The benchmark 10-year yield ended at 6.7495% on Monday, compared with its previous close of 6.7609%. It fell 26 basis points in July-September, the most since in January-March 2020.

Yields started declining from July due to the rising odds of an imminent start to the global rate easing cycle, especially in the United States.

The Federal Reserve delivered an outsized 50-basis-point rate cut in September and the odds of a similar move in November has spiked to 53% from 10% a month ago.

That has led to hopes of the Reserve Bank of India also easing policy from next week.

"With the Fed beginning its rate easing cycle, we expect the RBI to maintain a cautious yet accommodative stance.

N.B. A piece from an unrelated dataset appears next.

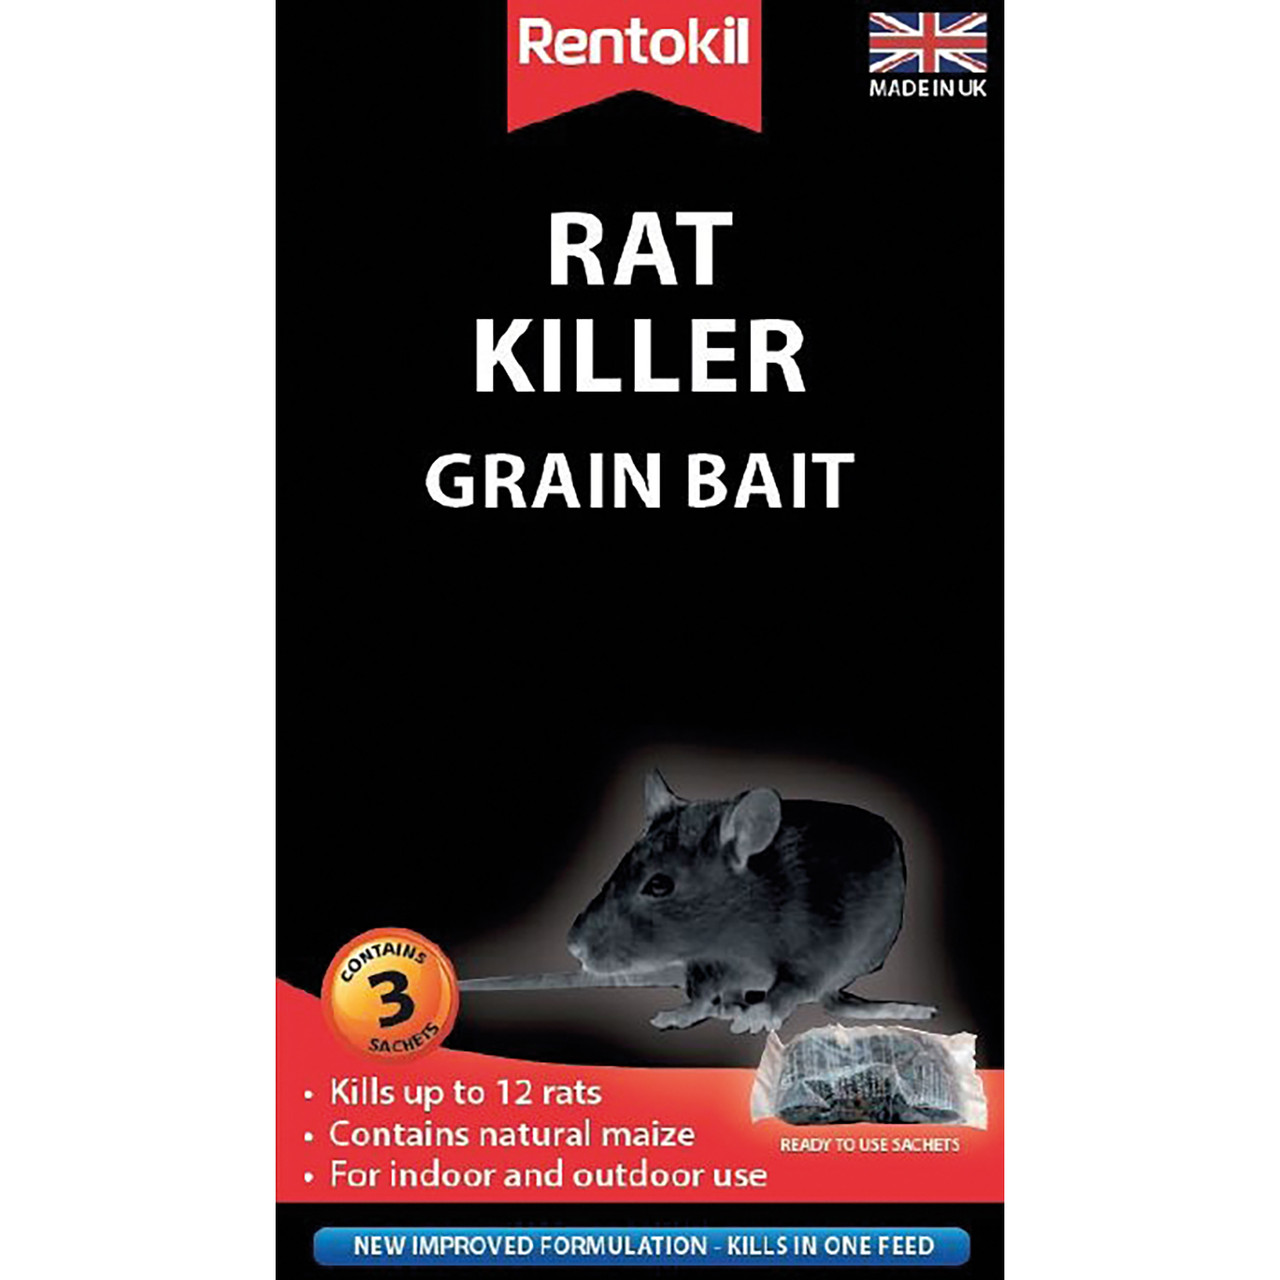 Rentokil Rat Killer Grain Bait - 3 SACHET

This could involve measured rate cuts to support economic growth while keeping inflation in check," said Manish Bhargava, CEO of Straits Investment Management.

The yields were also pressured by a jump in foreign investment after Indian government bonds were included in JPMorgan's emerging market debt index on June 28.

These investors have net bought bonds under Fully Accessible Route (FAR), a majority of which are part of the index, worth over 590 billion rupees ($7.04 billion) in this quarter.

They are likely to become more aggressive with purchases amid strong macroeconomic fundamentals and expectations that the RBI will soon cut rates.

"Structurally, it is a positive story for fixed income, plus a supportive rate environment will also help," said Ashhish Vaidya, managing director and treasurer, global financial markets at DBS Bank India.

“If the dollar starts to get into a depreciating mode because rates are coming off, then we can see more inflows in emerging markets.”